What is being asked: From the entries below, write out exactly the lines between the line holding "Main Image - Diane" and the line holding "TSR Advanced Dungeons", inclusive, excluding any pictures.

Data for this exercise:
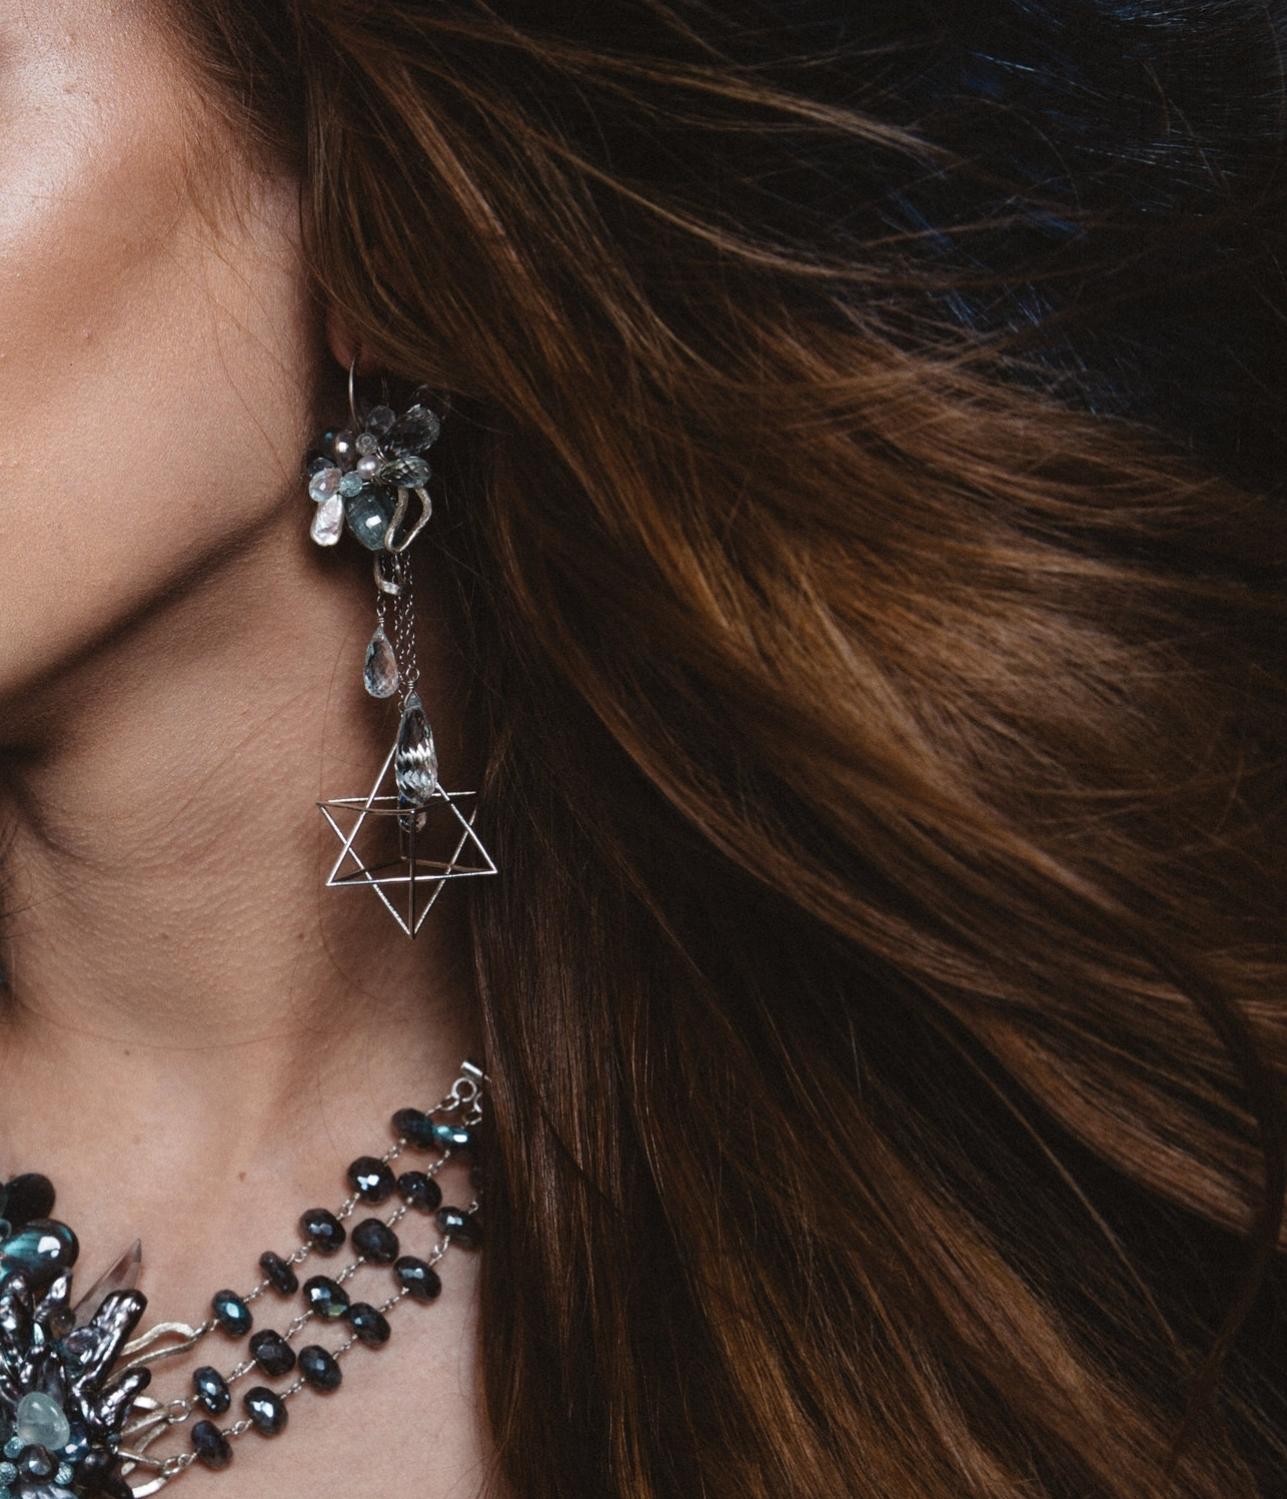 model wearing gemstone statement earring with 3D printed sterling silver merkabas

---

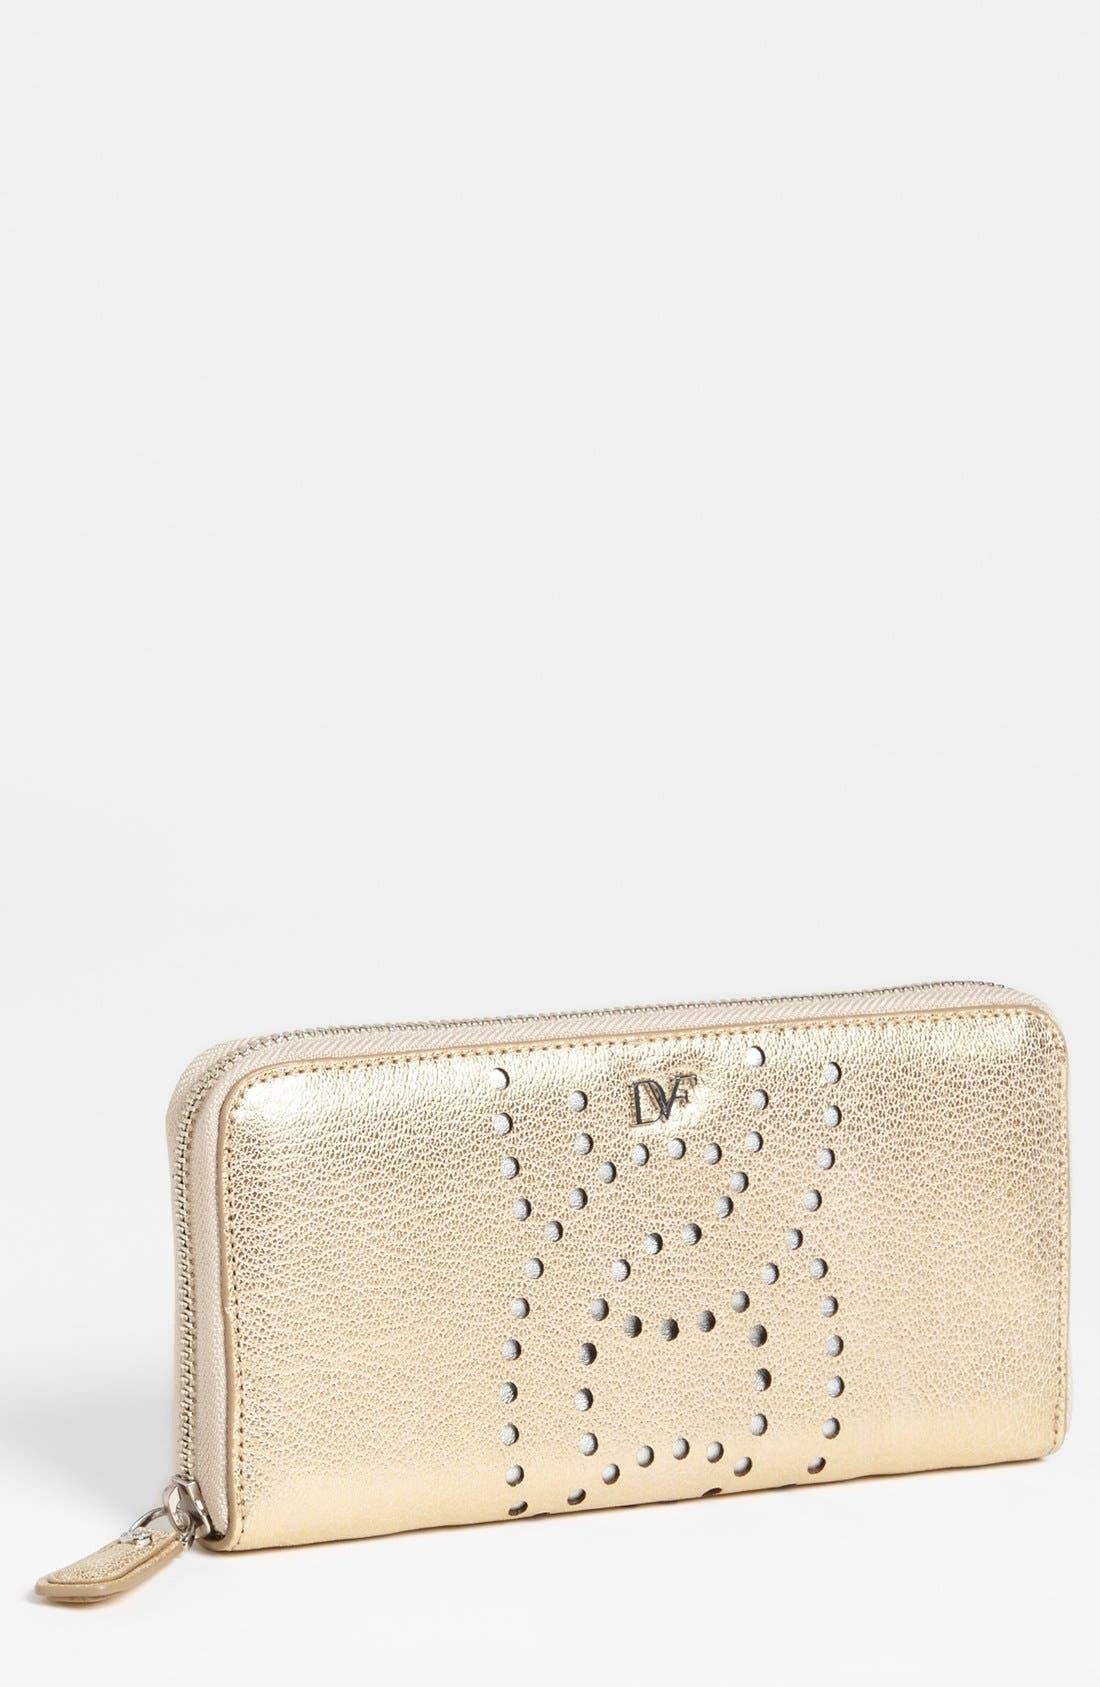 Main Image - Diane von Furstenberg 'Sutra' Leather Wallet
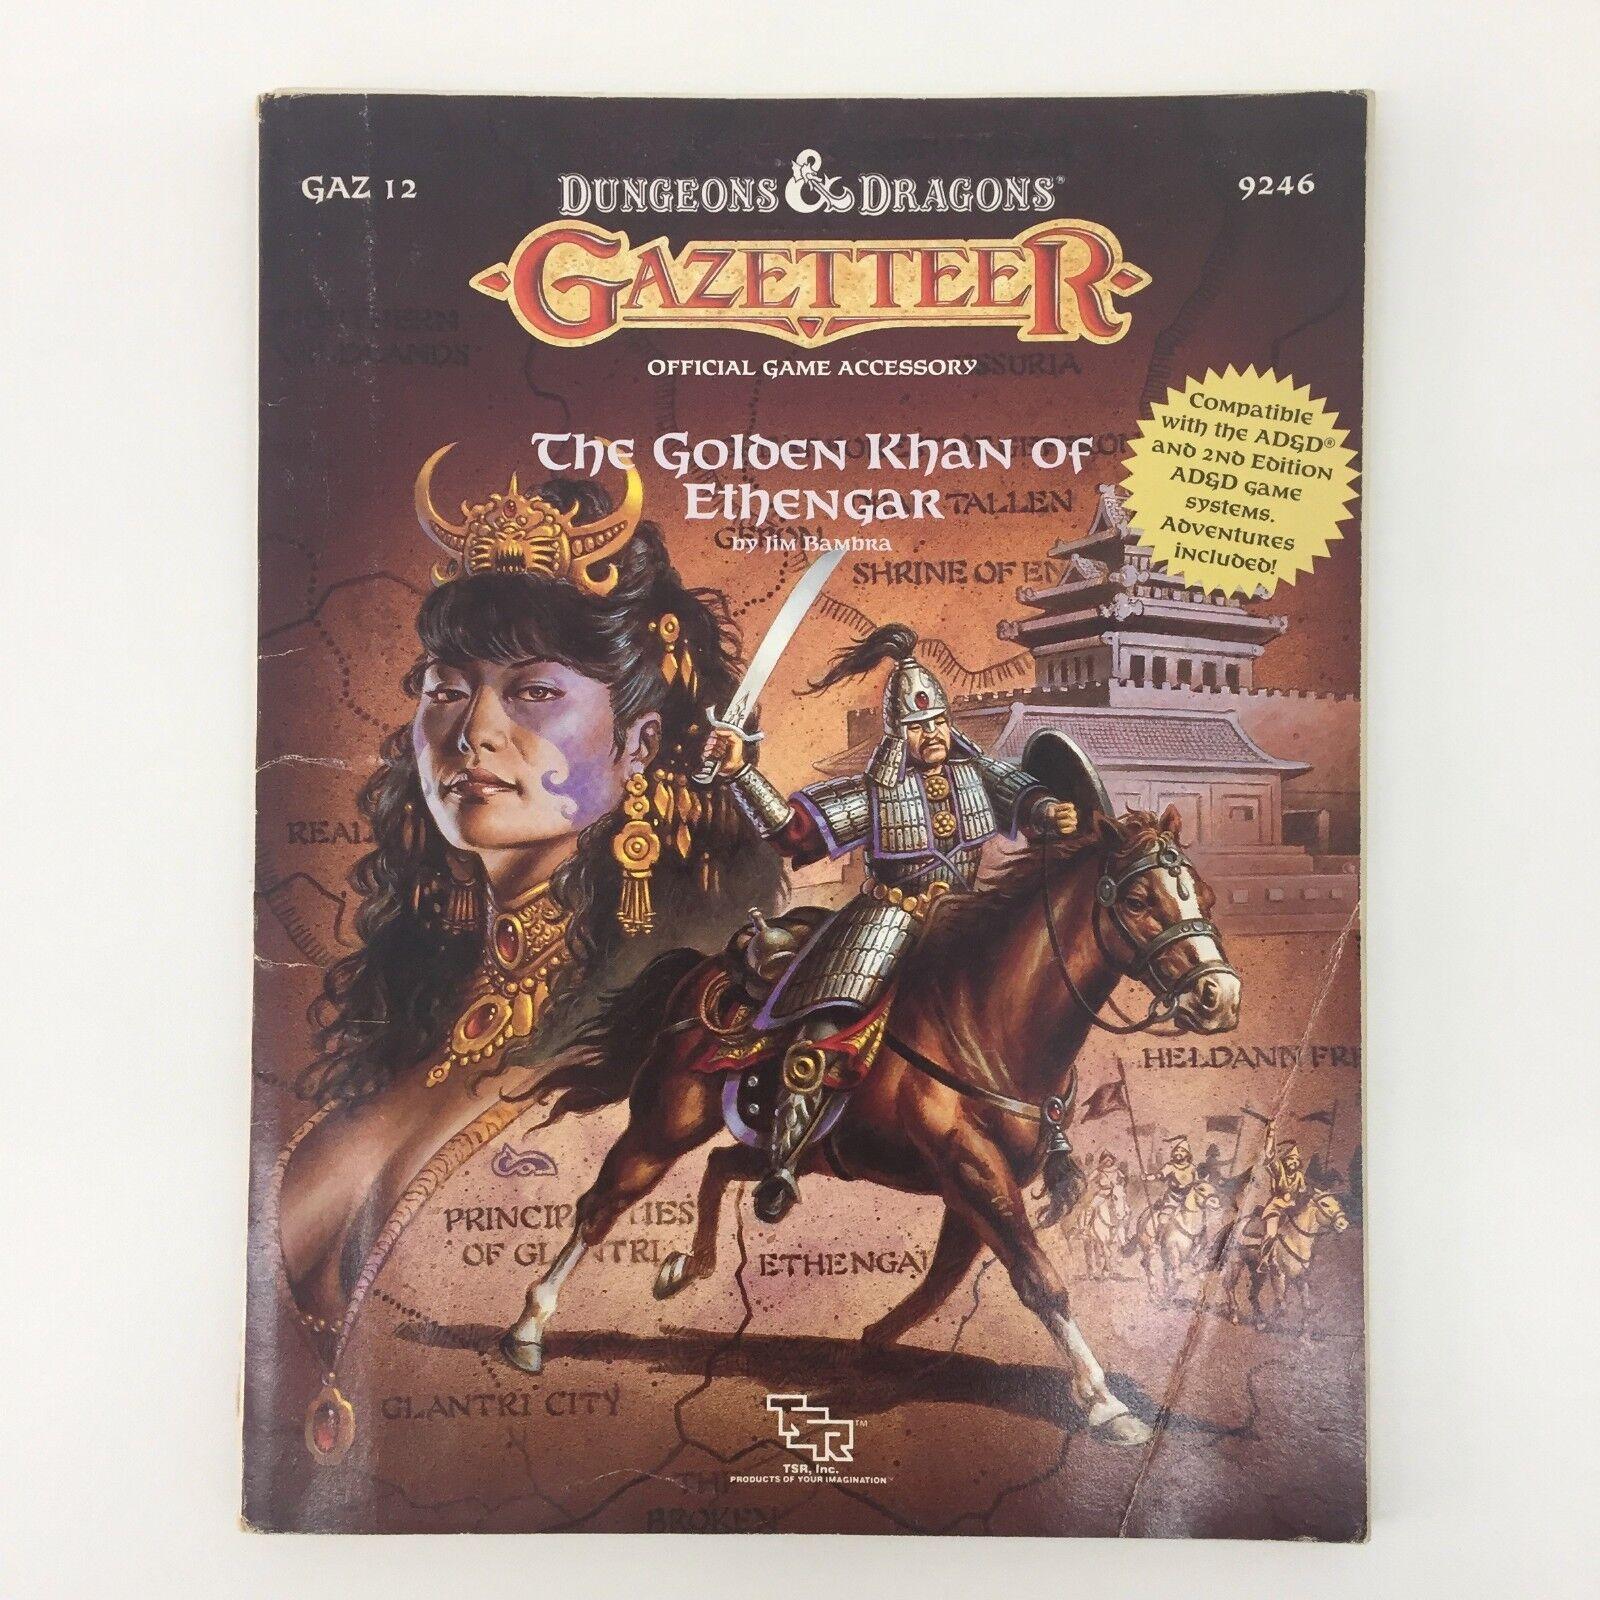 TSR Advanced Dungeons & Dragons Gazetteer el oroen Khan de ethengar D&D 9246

Written answer:
 Main Image - Diane von Furstenberg 'Sutra' Leather Wallet
 TSR Advanced Dungeons & Dragons Gazetteer el oroen Khan de ethengar D&D 9246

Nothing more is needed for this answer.